Gender had a profound effect on the slave plantation system in the French Antilles. In "Women and Slavery in the French Antilles, 1635-1848", Bernard Moitt advances this argument by detailing and analysing the social condition of enslaved black women in the plantation societies of Martinique, Guadeloupe, Saint-Dominique (now Haiti), and French Guiana from 1635 to the abolition of slavery in the French colonial empire in 1848. Moitt examines the lives of black women in bondage, evaluates the impact that the slave experience had on them, and assesses the ways in which women reacted to and coped with slavery in the French Caribbean for over two centuries. In probing the lives of slave women, the book focuses mainly on how they laboured valiantly in multiple dimensions, and how they resisted slavery individually and collectively. Thus the relationship between the allocation of tasks and women's resistance to slavery is emphasised. However, the book also deals with gender relations and their interplay with race.

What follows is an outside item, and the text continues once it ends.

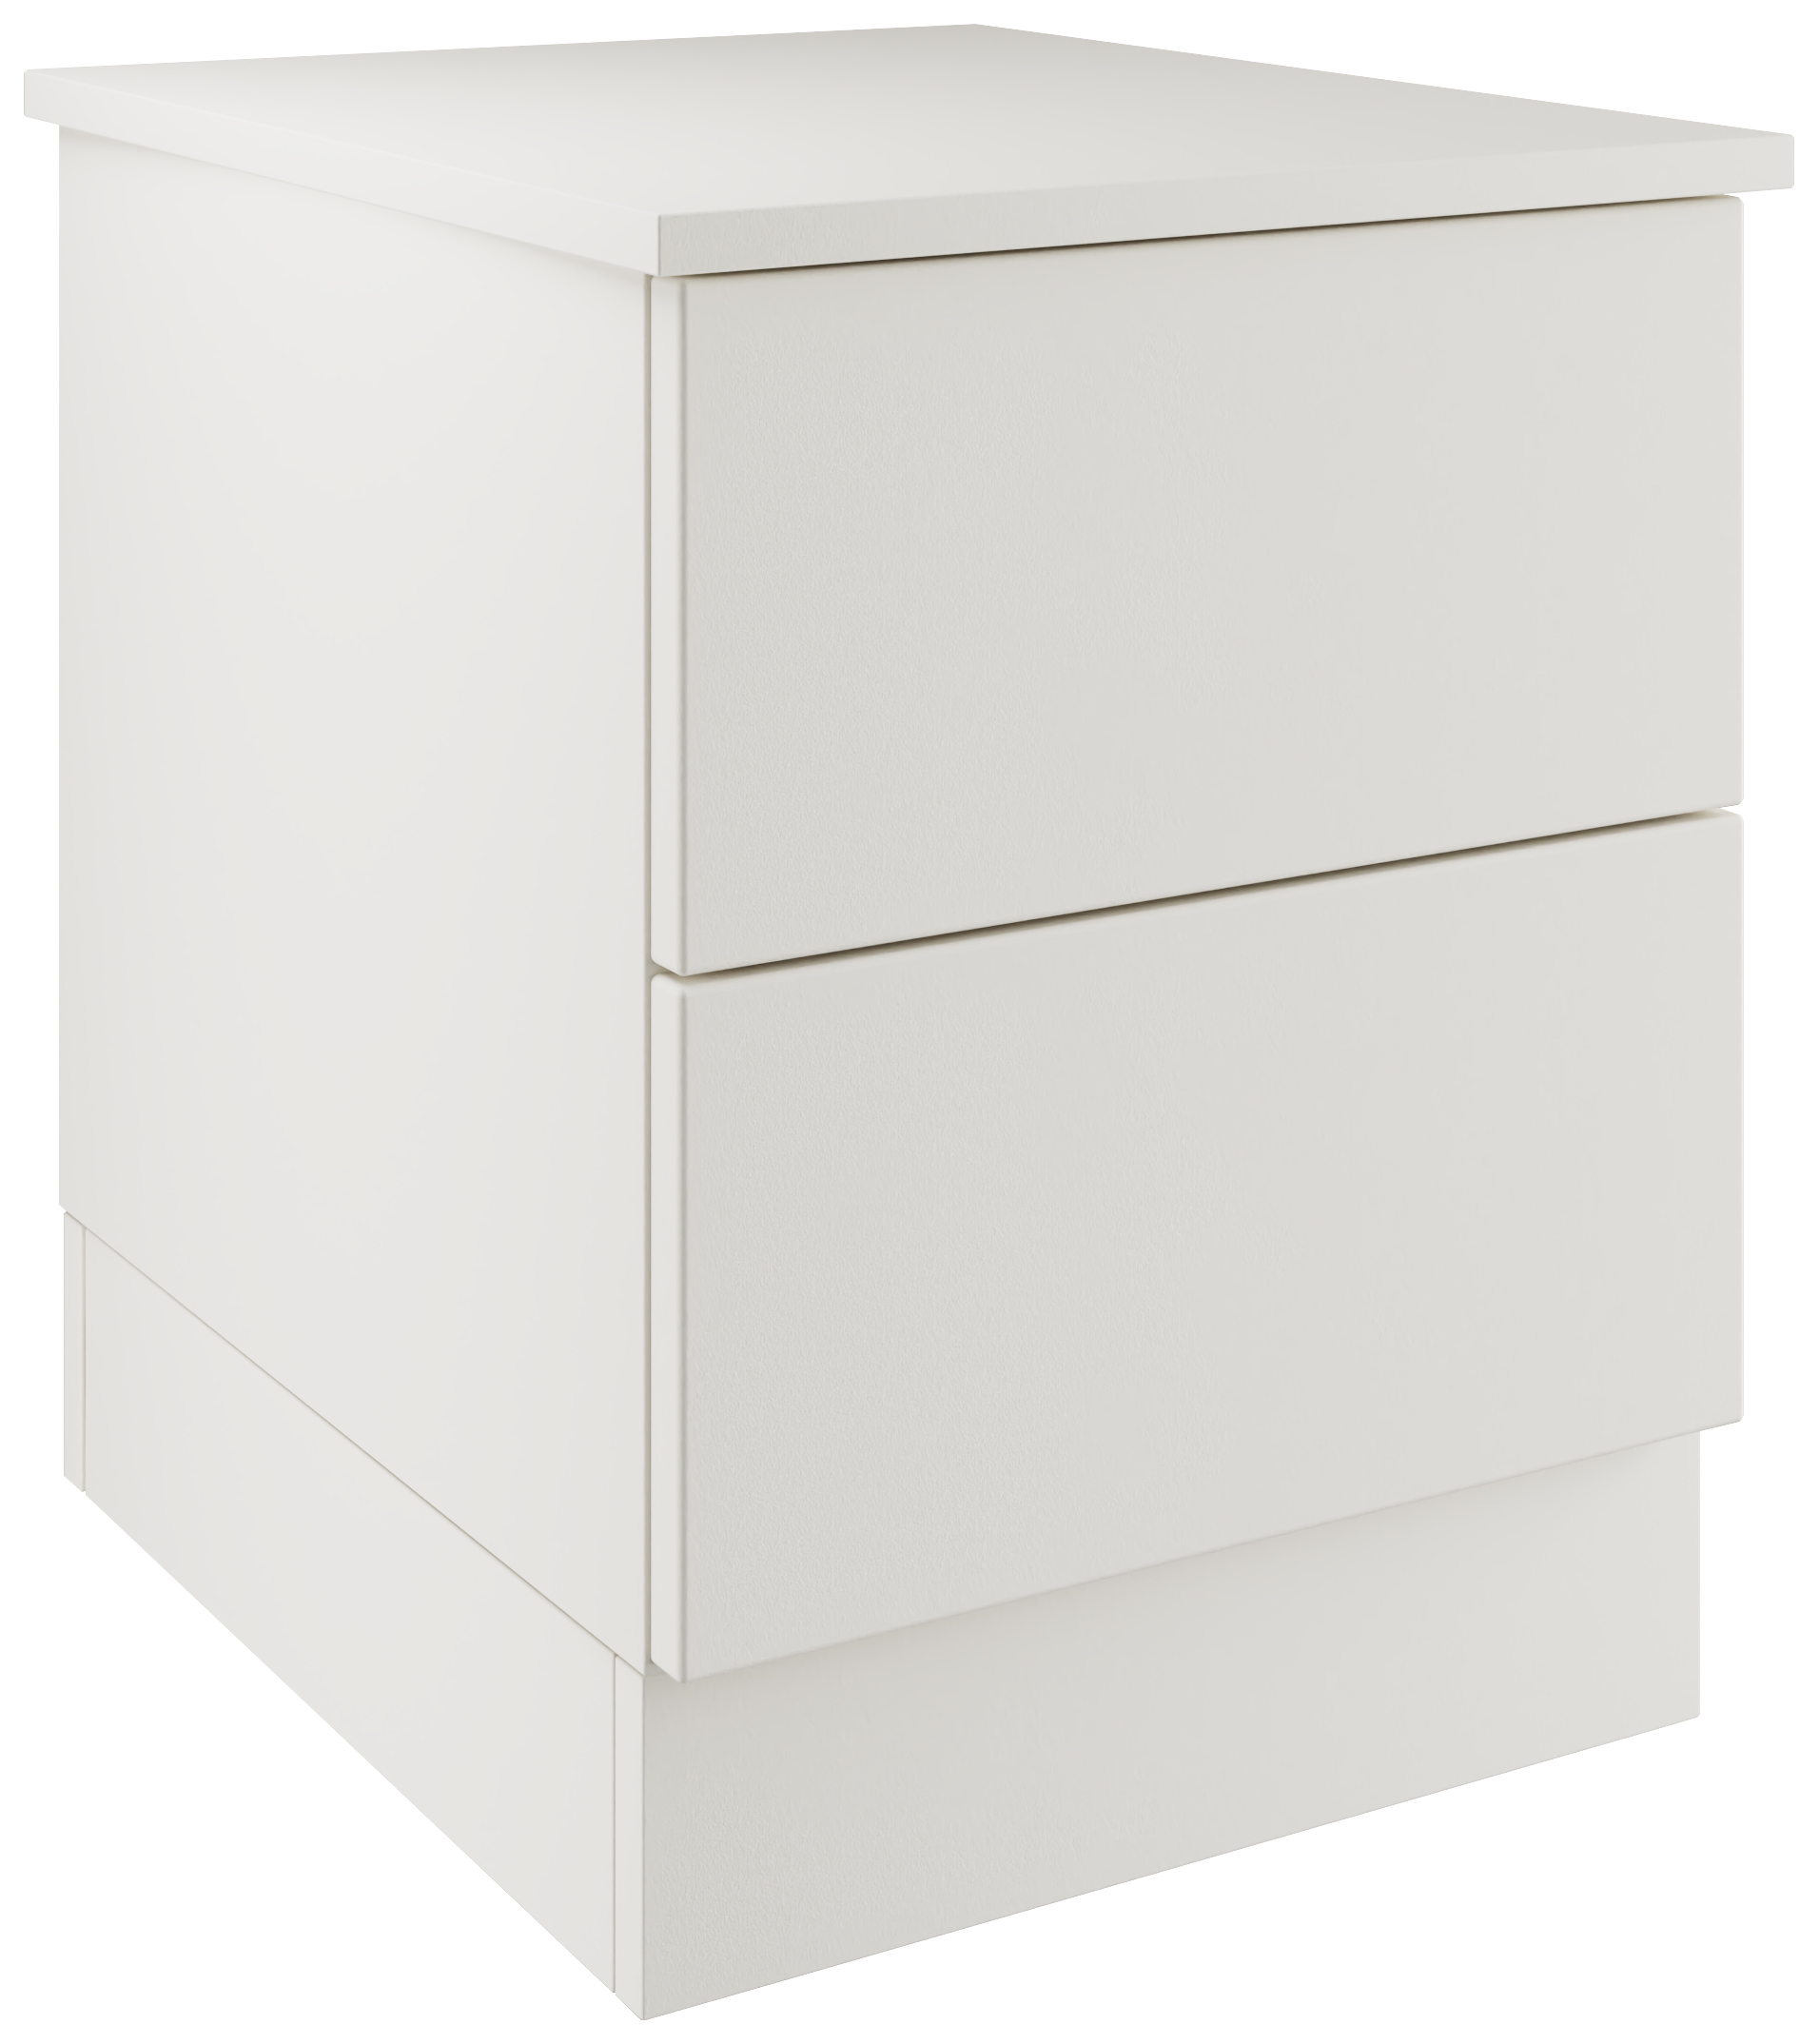 Harrogate & Bramham White Bedside Chest with 2 Drawers - 420 x 527 x 520mm

Moitt shows that gender was obliterated under slavery where sexual differentiation gave way to the need for hard, intensive labour, Women were given just as heavy tasks as men, especially in the fields. As males outnumbered females for most of the slavery period and monopolised virtually all of the specialised tasks, the disregard for gender in task allocation means that females did proportionately more hard labour than males. Aside from hard labour in the fields, however, women also engaged in gender-specific labour and performed a host of other labour tasks. How gender made slavery different for women than for men constitutes an important aspect of the book. Slave women resisted slavery in the same ways that men did, as well as in ways that gender and allocation of tasks made possible. Indeed, women were simultaneously involved in multiple strategies aimed at asserting their individuality and ultimately subverting the slave system. Moitt casts slave women in dynamic roles previously ignored by historians, thus bringing them out of the shadows of the plantation world into full view where they belong. His analysis leads him to conclude that in spite of the insurmountable odds that slave women faced, they demonstrated courage, stamina, strength of character, resilience and the will to survive and that future generations can benefit from this extraordinary legacy.